Now home to a 61,000-strong population, Downtown’s residents and tourists are well served in terms of transportation; US$6.4 billion of the US$30bn sum was spent on expanding the area’s transit infrastructure, which includes 30 bus routes, 20 ferry routes and 28 Bikeshare stations. At its core is PATH, the beating heart of Manhattan that connects the island with popular commuting areas like Hoboken and Jersey City by train.

Back on One Wall Street, construction reigns omniscient. Currently the property is in what one could generously call its tabula rasa stage – rooms are stripped rooms and service lifts clank up and down the 56 floors endless times a day. Although the interiors will bear little resemblance to their former incarnation as offices, Dubrow explains that the team have been conscious of the building’s 1930s heritage.

Pier A, a 28,000sqft, free-flowing space on the Hudson River
Hotels such as The Beekman have helped to boost tourism in the once-quiet district

Originally designed by Ralph Walker, The New York Times’ ‘Architect of the Century, “We’ve been careful to maintain as many of its original features as possible,” says Dubrow, pointing to the retention of the limestone façade and  a 5,000sqft, floor-to-ceiling mosaic by muralist Hildreth Meière.

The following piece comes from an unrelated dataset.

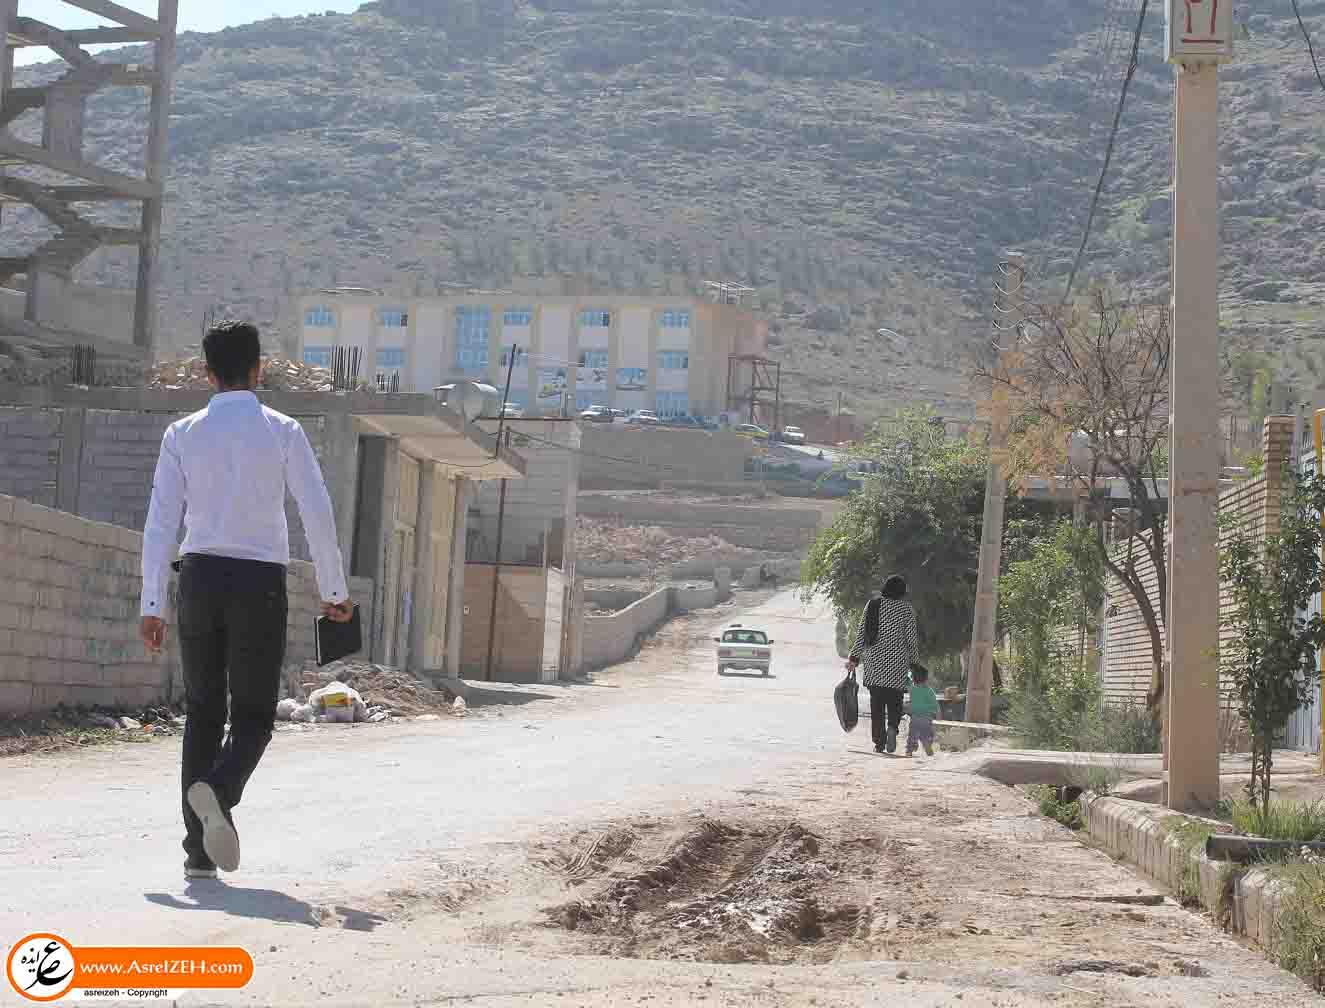 سیر تحول دانشگاه پیام نور ایذه در یک نگاه/ از دبستان شهید احمدی تا بام ایذه+ تصاویر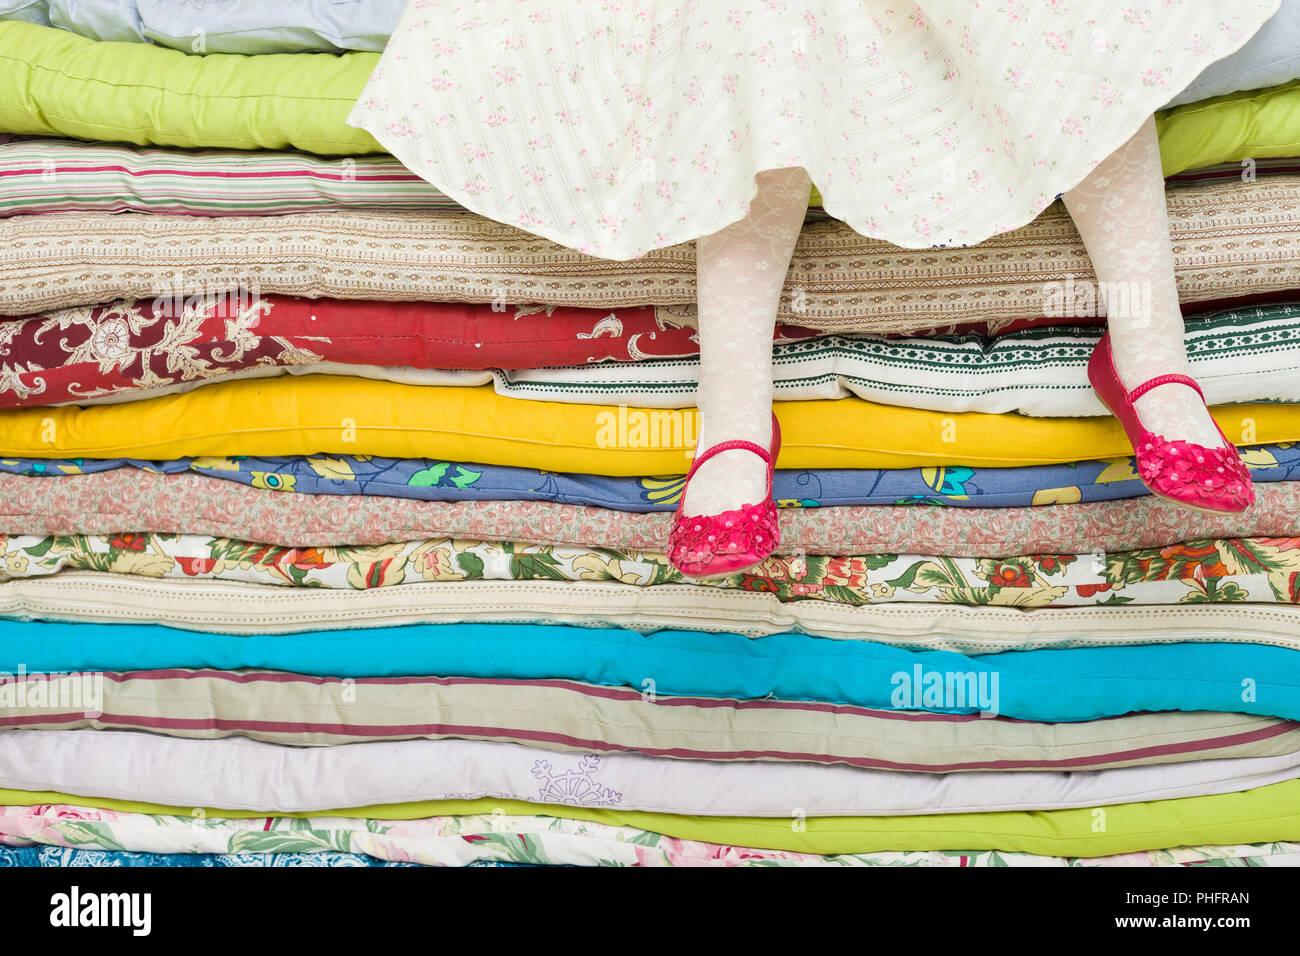 Materassi Colorati.Le Gambe Di Una Bambina Seduta Su Una Pila Di Materassi Colorati

Elsewhere, amenities stretch the limits of one’s imagination. An enclosed pool, co-working space, roof deck overlooking New York Harbour – even, it is rumoured, a dog groomers.

Up in the rafters in a soon-to-be  built penthouse, the views are historic. The Woolworth Building; Staten Island ferries chugging along the Hudson; the Statue of Liberty glinting in the distance. In their midst, the creatives, the tourists, the techies – all creating the future history of a new Downtown.